The tsunami was a TV event. Spectacular pictures came into our living rooms, and in the aftermath we talked about them in the same manner, if not the same tone, that we would our favourite soap opera. It was, to coin a phrase, great drama from the BBC.
And it was this visibility that drew us into such a massive response. Not since 9/11 have TV pictures so devastatingly told the story of a catastrophe, and as Amit Roy has suggested, the tsunami has now replaced 9/11 as ‘short hand for the new horror’.
While this media coverage has prompted us into mass altruism (including the elderly donating their entire pensions), is it not alarming that the desperate state of affairs in Africa is somewhat undermined because it is not such a TV friendly issue? Starvation and poverty are ongoing, comparatively mundane problems, less suited to our often glossy, sensationalist media world.
One-off, unworldly events like 9/11 and the tsunami are eye-catching, and to this we respond, to the detriment of what is peripheral.
But in our collective sub-conscious, perhaps Africa is at the core of our reason for giving.
The tsunami was an event we as westerners can feel relatively blameless for – we can’t help the weather. But perhaps we are in indirect, but well documented ways, responsible for Africa’s problems (and perhaps this stops us facing the issue). Is our huge contribution to tsunami relief our misguided attempt to make up for previous ignorance of far-away issues?
Maybe. But there is another explanation for the west’s huge contribution.
It is a shame the late Edward Said is not with us to comment on the reaction to the tsunami, for we have seen his ideas in Orientalism move into the 21st Century.

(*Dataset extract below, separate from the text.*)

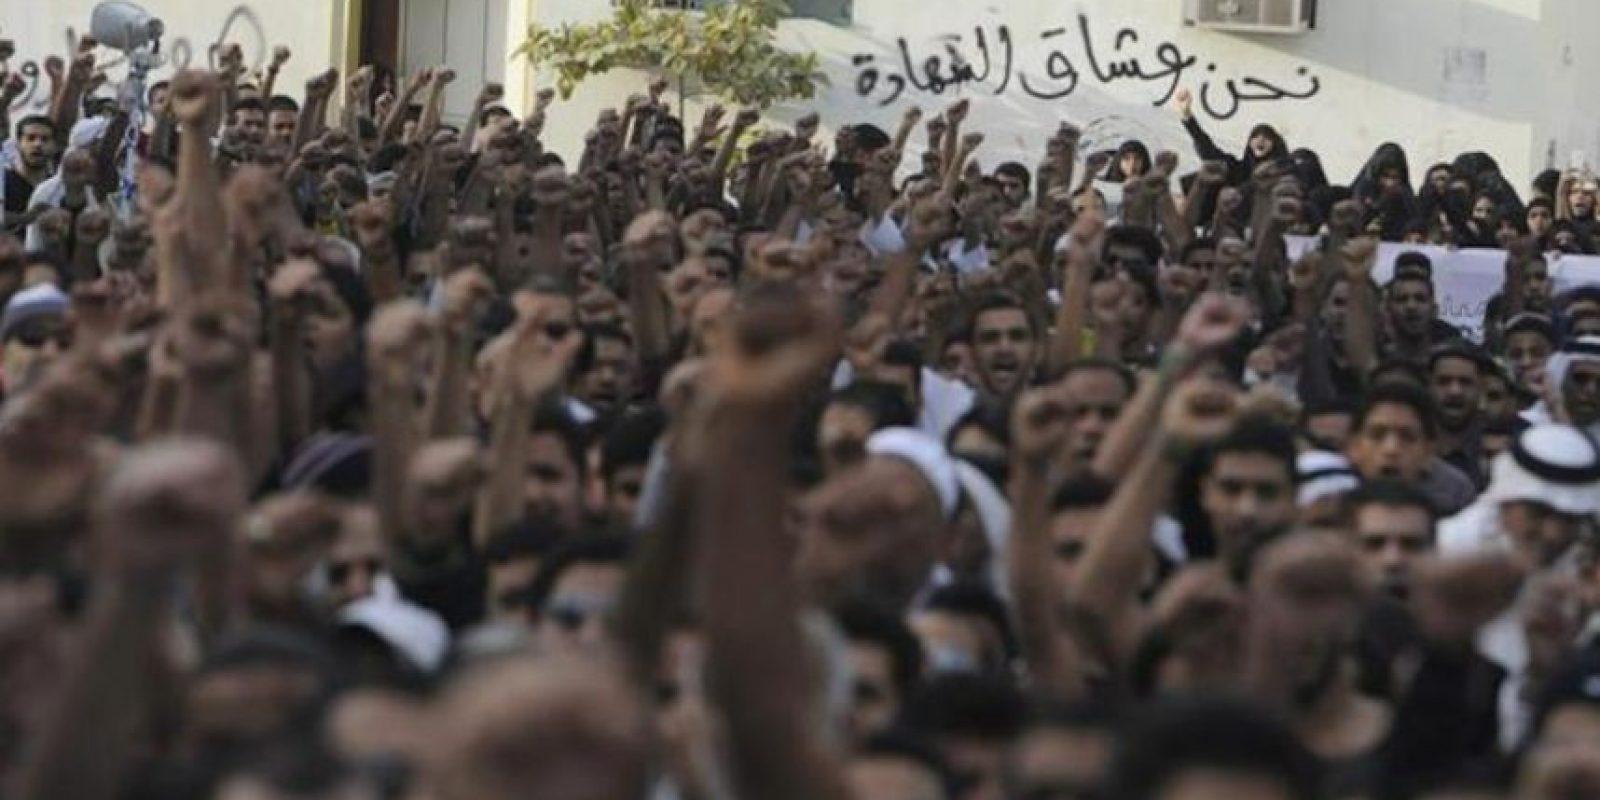 Las fuerzas de seguridad dispararon gases lacrimógenos y persiguieron a los manifestantes en las aldeas de Sanabis, Daih y Jid Hafs, en las inmediaciones de Manama. EFE

He wrote that throughout the 20th Century, the west formed its culture and identity (‘British and French cultural enterprise’, as Said put it) by incorporating and adopting an array of ‘oriental’ aspects. Such things as the spice trade, colonial armies and administrators, philosophies and wisdoms adapted for European consumption, and of course the Biblical texts and lands served to inform the west’s idea of itself.
Now, in 2005, it is the Orient’s (and I mean ‘Orient’ in the sense of any eastern ‘other’) suffering that is strengthening our identity. We can now stand up as the strong, wealthy, generous party as opposed to the helpless, stricken damsel the Orient has become in the tsunami’s wake. Asia’s need confirms our capacities.
We can also be rather satisfied with the fact western aid has been quicker and more substantial than the Arab world’s (although Kuwait’s donation, for example, is per person over 40 times that of the USA), and it is a diplomatic bonus and indeed a ‘great opportunity’ as Condoleeza Rice remarks, that the US can assist Indonesia, the world’s largest Muslim population.
Rice’s words, though said in good faith, prove true the words of Abdulaziz Sager, chairman of the Gulf Research Centre, based in Dubai: ‘the issue of donating to the tsunami disaster has, unfortunately, been politicised’.